According to commodity intelligence firm Kpler, Iran may be forced to cut daily oil output by an additional 1.5 million barrels per day by mid-May if the blockade persists. Iranian crude exports, which averaged about 1.85 million barrels per day in March, have fallen to roughly 567,000 barrels per day in recent weeks — a collapse of nearly 70% in export volumes.
How the crisis reached this point
Shipping traffic through the Strait of Hormuz has been largely blocked since February 28, 2026, when the United States and Israel launched military operations against Iran. In retaliation, Iran’s Revolutionary Guard issued warnings forbidding passage through the strait, boarded and attacked merchant ships, and laid sea mines. Since April 13, the US has blockaded Iranian ports directly, creating what analysts have described as a dual blockade of the strait.
Until the conflict began, the Strait of Hormuz carried approximately 25% of the world’s seaborne oil trade and 20% of global LNG. Its effective closure has been described as the largest disruption to world energy supply since the 1970s energy crisis.
In early April, shipments through the Strait averaged around 3.8 million barrels per day, compared with more than 20 million barrels per day in February ahead of the crisis.
The compounding damage to Iran’s production
The storage crisis does not exist in isolation. Output has already fallen by approximately 750,000 barrels per day compared with pre-war levels, reflecting lower domestic demand during hostilities. Israeli strikes on five phases of the South Pars gas field have curtailed condensate and associated liquids capacity by 100,000 to 120,000 barrels per day for at least the next six months — a shortfall that cannot be quickly offset.
Goldman Sachs estimated that Iran had already curtailed as much as 2.5 million barrels per day of crude output in the period leading into late April.
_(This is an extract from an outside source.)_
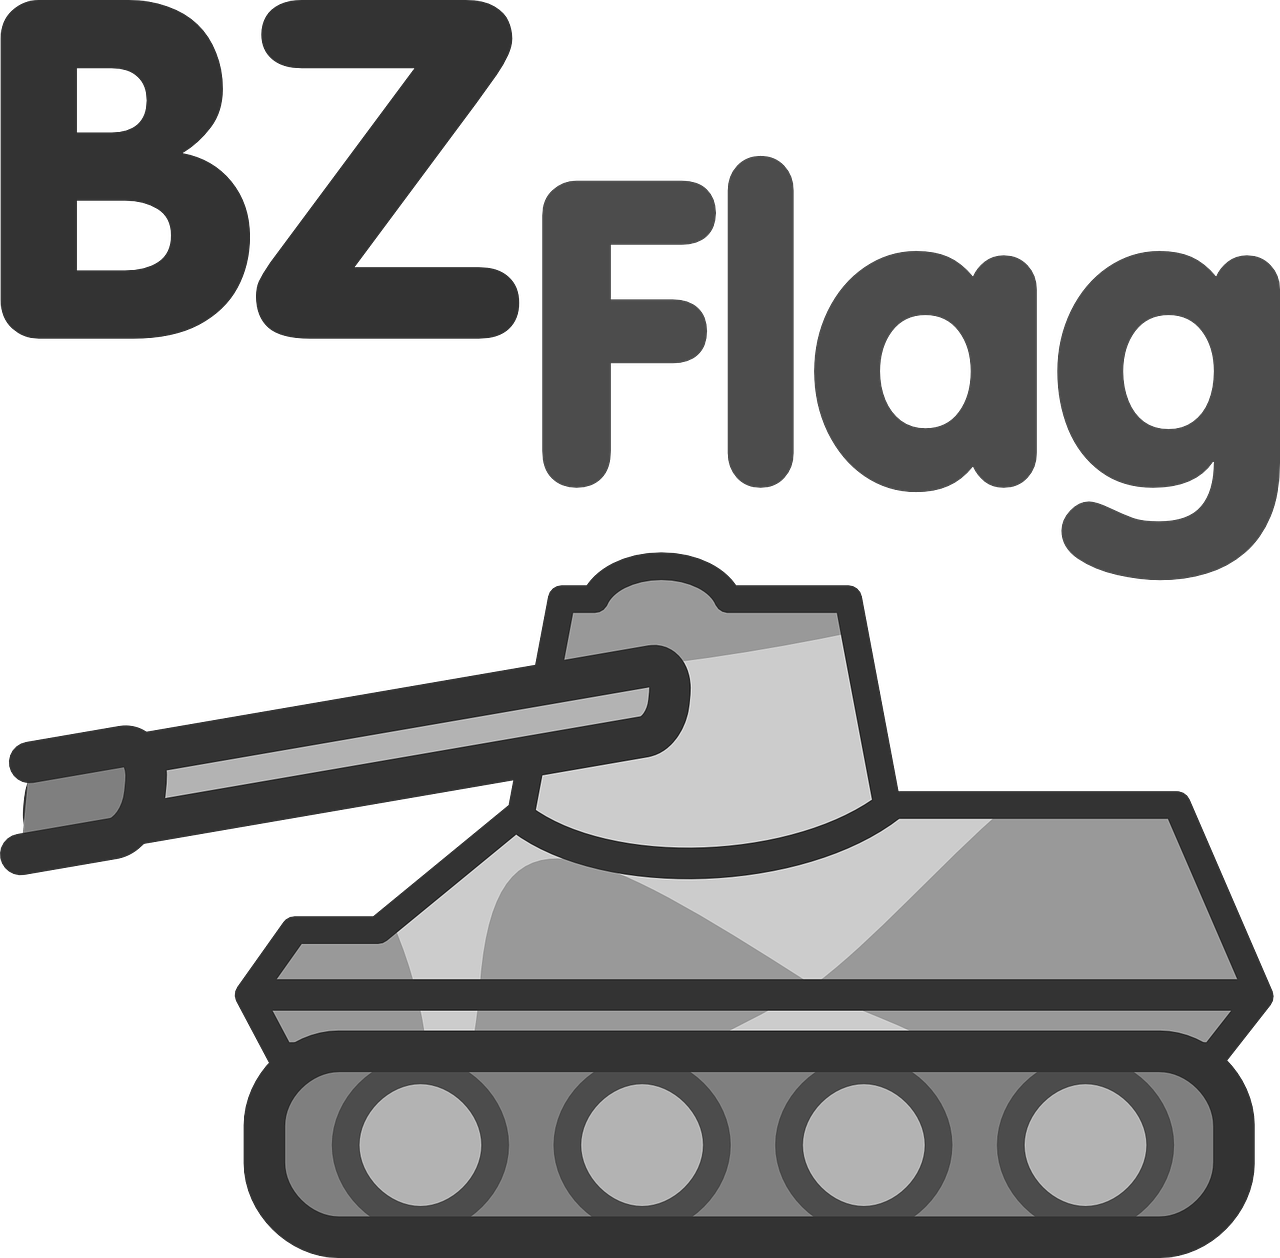 tank,flag,symbol,icon,free vector graphics,free pictures, free photos, free images, royalty free, free illustrations, public domain

The additional storage-forced cuts now looming would deepen this reduction further.
The revenue lag — and what it means
The blockade will not hit Iran’s revenues quite as fast as its production. Iranian crude cargoes typically take about two months to reach Chinese ports — the main destination for Iranian crude — often via opaque channels designed to circumvent sanctions. Buyers then have a further two months to settle payments, meaning the full revenue impact may not be felt for three to four months. Kpler noted it has not observed any tankers successfully evading the US naval blockade in the region around the Strait of Hormuz.
The global spillover
Global oil supply plummeted by 10.1 million barrels per day to 97 million barrels per day in March, with the IEA describing it as the largest supply disruption in the history of the global oil market. Global crude refinery runs are now expected to decline by 1 million barrels per day on average in 2026.
Neighbouring Gulf producers have also been forced to adjust output, with Saudi Arabia, Iraq, Kuwait and the UAE among those that have reduced production. Exports through alternative routes — from Saudi Arabia’s west coast, Fujairah in the UAE, and the Iraq-Turkey pipeline — had increased to 7.2 million barrels per day, up from less than 4 million barrels per day before the war, but remain far short of compensating for the Strait’s closure.
India’s exposure
India, the world’s fourth-largest oil refining nation, has been significantly affected. Indian refiners have pivoted to Russian crude as Middle East supplies dried up. The government raised export duties on diesel and aviation fuel to contain domestic shortages, while LPG — 60% of which is imported, largely through the Strait of Hormuz — was the first fuel to face visible supply strain, with long queues and delayed deliveries reported in March.
The physical clock is now ticking. If no diplomatic resolution emerges in the coming days, Iran will face the choice between filling its last storage tanks and shutting in wells — a decision with consequences that will ripple through oil markets globally for months.